# Hidden Markov Model for Land Cover

This repo includes R code for
- simulating land cover data generated by a hidden Markov model, and
- estimating parameters using maximum likelihood (ML using the expectation-maximization algorithm) and minimum distance (MD) estimators.

## Citations

Please cite "Improving Estimates of Transitions from Satellite Data: A Hidden Markov Model Approach"
by Adrian L. Torchiana,
[Ted Rosenbaum](https://www.tedrosenbaum.org/),
[Paul T. Scott](http://ptscott.com/), and
[Eduardo Souza-Rodrigues](https://souza-rodrigues.economics.utoronto.ca/).

## How to Run the Code

We run our code in a Docker container so that our environment is reproducible.
Start by [installing Docker](https://docs.docker.com/engine/install/),
[cloning this repo](https://docs.github.com/en/repositories/creating-and-managing-repositories/cloning-a-repository),
and changing directory into the root of the repo:

```bash
cd hidden_markov_model
```

At this point your working directory should be the root of the repo, and if you `ls` you should see
several .R files as well as the README.md file that you are currently reading.

Start by running
```bash
sudo docker build -f Dockerfile . --tag=hidden_markov_model
```

The `build` command above will use the [Dockerfile](Dockerfile) to create an image with R version 4.2.1 and
[several R packages](install_packages.R) installed.
We can now use that image to run scripts:

```bash
sudo docker run -it -v /home/$USER/hidden_markov_model:/home/hidden_markov_model hidden_markov_model bash
Rscript simulation_simple.R
```

Note that the `-v` in the `docker run` command above is mounting a volume, and assumes that you cloned this repo
into `/home/$USER/hidden_markov_model`. If you cloned into some other location,
replace `/home/$USER/hidden_markov_model` with the correct path.

The code in [simulation_simple.R](simulation_simple.R) runs simple simulations that are used to
confirm that the estimation functions are working correctly. Its output is not used in the paper.

All R scripts should be run inside the container, i.e. following the `docker run` command as above.
Most of the simulations will save output files to the [output](output) directory.

### Baseline Results

To reproduce section `D.2 Baseline Results`, run
```bash
Rscript simulation_baseline.R --n_simulations 100
Rscript describe_simulation_baseline.R --simulation_date yyyy-mm-dd
```
where `yyyy-mm-dd` is the date on which you ran [simulation_baseline.R](simulation_baseline.R).

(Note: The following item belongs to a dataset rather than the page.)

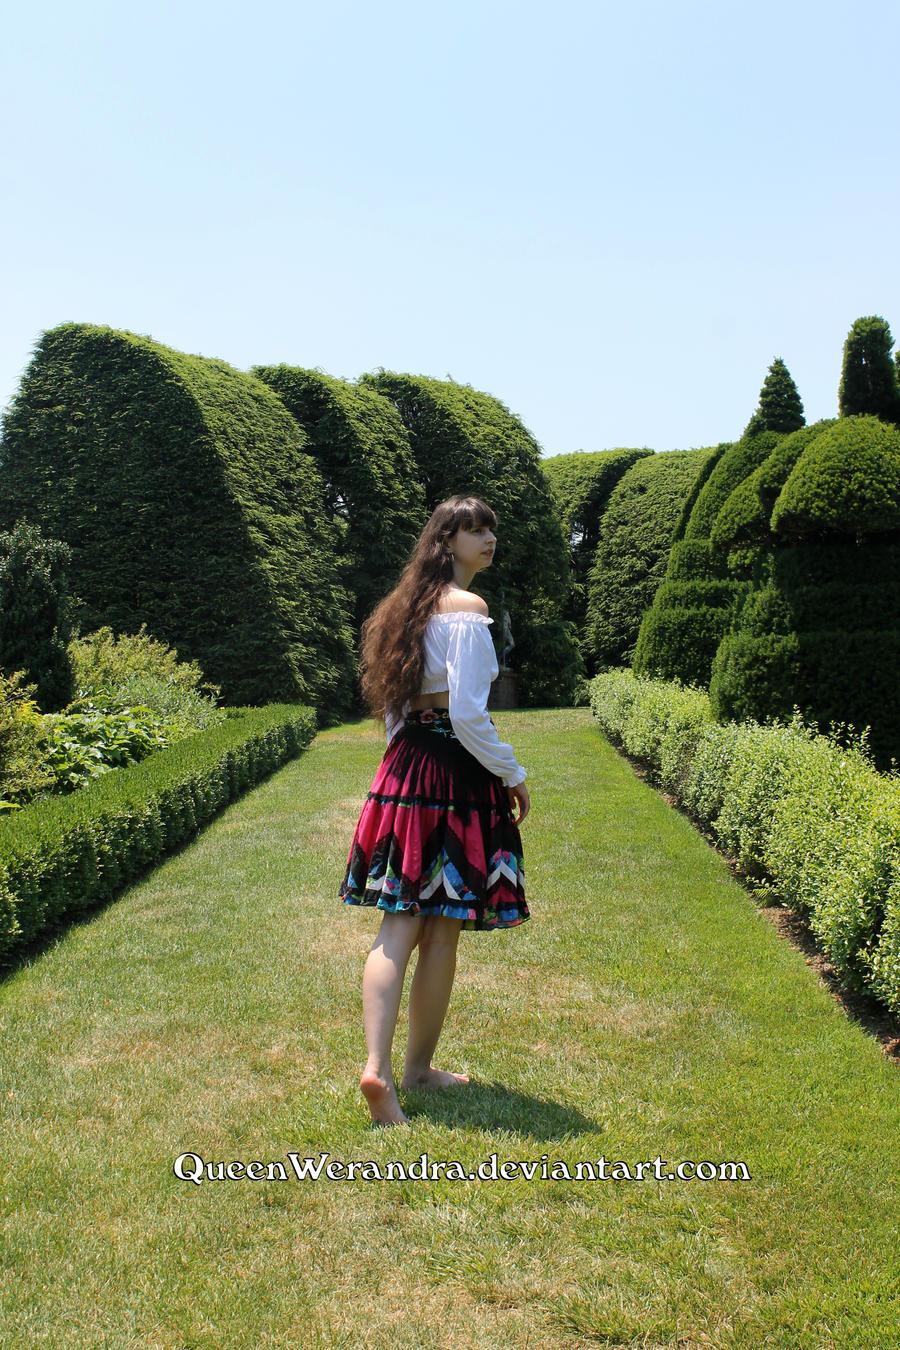 http://img02.deviantart.net/6e75/i/2017/192/b/9/lost_in_the_gardens_of_wonderland_iii_by_queenwerandra-dbfz3hc.jpg

### Spatial Dependence and Serial Correlation

To reproduce section `D.4 Spatial Dependence and Serial Correlation`, run
```bash
Rscript simulation_spatial_corr.R --n_simulations 100
Rscript simulation_spatial_corr.R --n_simulations 100 --z_constant_over_time
```

### Embrapa Validation

The code for section `6 Validation Exercise Using Land Cover Data` is
[fit_embrapa_validation_hmm.R](fit_embrapa_validation_hmm.R). While we have
made the Embrapa validation code public, the input dataset used in this section
is private and is not included in the repo.

### Atlantic Forest

The code for section `7 Empirical Exercise: Carbon Stocks in the Atlantic Forest`
has several steps:

```bash
mkdir -p atlantic_forest_output
./run_mapbiomas_all_windows.sh
Rscript combine_mapbiomas_estimates.R
./run_viterbi.sh
Rscript atlantic_forest_carbon_stock.R
```

Like section 6, the code for section 7 is public but the input files (the "raw" mapbiomas rasters) are private.